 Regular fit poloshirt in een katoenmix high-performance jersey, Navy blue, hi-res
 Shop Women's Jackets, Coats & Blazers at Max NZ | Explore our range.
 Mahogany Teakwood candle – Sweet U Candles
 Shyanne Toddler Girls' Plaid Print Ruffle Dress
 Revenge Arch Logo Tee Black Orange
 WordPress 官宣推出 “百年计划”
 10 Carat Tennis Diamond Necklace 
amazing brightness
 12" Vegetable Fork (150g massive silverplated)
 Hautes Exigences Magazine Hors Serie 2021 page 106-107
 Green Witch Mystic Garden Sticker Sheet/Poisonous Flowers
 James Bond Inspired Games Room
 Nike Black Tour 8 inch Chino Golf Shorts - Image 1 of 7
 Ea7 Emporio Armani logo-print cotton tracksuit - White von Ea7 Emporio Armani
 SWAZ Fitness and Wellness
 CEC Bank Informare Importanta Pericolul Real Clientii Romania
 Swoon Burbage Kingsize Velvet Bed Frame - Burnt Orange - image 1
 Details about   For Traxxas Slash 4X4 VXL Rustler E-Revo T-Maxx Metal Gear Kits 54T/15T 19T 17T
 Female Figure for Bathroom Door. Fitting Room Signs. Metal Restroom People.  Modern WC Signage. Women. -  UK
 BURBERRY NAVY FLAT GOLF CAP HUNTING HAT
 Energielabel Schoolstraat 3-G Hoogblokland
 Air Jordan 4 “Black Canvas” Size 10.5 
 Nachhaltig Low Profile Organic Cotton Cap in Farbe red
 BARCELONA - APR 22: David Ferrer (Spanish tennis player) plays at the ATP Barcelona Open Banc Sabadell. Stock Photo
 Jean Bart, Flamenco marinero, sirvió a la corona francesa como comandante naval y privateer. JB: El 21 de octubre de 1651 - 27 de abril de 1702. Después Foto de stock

=====

PROBLEM DETAILS:
Please output every record exactly as it appears.

PROBLEM SOLUTION:
 Regular fit poloshirt in een katoenmix high-performance jersey, Navy blue, hi-res
 Shop Women's Jackets, Coats & Blazers at Max NZ | Explore our range.
 Mahogany Teakwood candle – Sweet U Candles
 Shyanne Toddler Girls' Plaid Print Ruffle Dress
 Revenge Arch Logo Tee Black Orange
 WordPress 官宣推出 “百年计划”
 10 Carat Tennis Diamond Necklace 
amazing brightness
 12" Vegetable Fork (150g massive silverplated)
 Hautes Exigences Magazine Hors Serie 2021 page 106-107
 Green Witch Mystic Garden Sticker Sheet/Poisonous Flowers
 James Bond Inspired Games Room
 Nike Black Tour 8 inch Chino Golf Shorts - Image 1 of 7
 Ea7 Emporio Armani logo-print cotton tracksuit - White von Ea7 Emporio Armani
 SWAZ Fitness and Wellness
 CEC Bank Informare Importanta Pericolul Real Clientii Romania
 Swoon Burbage Kingsize Velvet Bed Frame - Burnt Orange - image 1
 Details about   For Traxxas Slash 4X4 VXL Rustler E-Revo T-Maxx Metal Gear Kits 54T/15T 19T 17T
 Female Figure for Bathroom Door. Fitting Room Signs. Metal Restroom People.  Modern WC Signage. Women. -  UK
 BURBERRY NAVY FLAT GOLF CAP HUNTING HAT
 Energielabel Schoolstraat 3-G Hoogblokland
 Air Jordan 4 “Black Canvas” Size 10.5 
 Nachhaltig Low Profile Organic Cotton Cap in Farbe red
 BARCELONA - APR 22: David Ferrer (Spanish tennis player) plays at the ATP Barcelona Open Banc Sabadell. Stock Photo
 Jean Bart, Flamenco marinero, sirvió a la corona francesa como comandante naval y privateer. JB: El 21 de octubre de 1651 - 27 de abril de 1702. Después Foto de stock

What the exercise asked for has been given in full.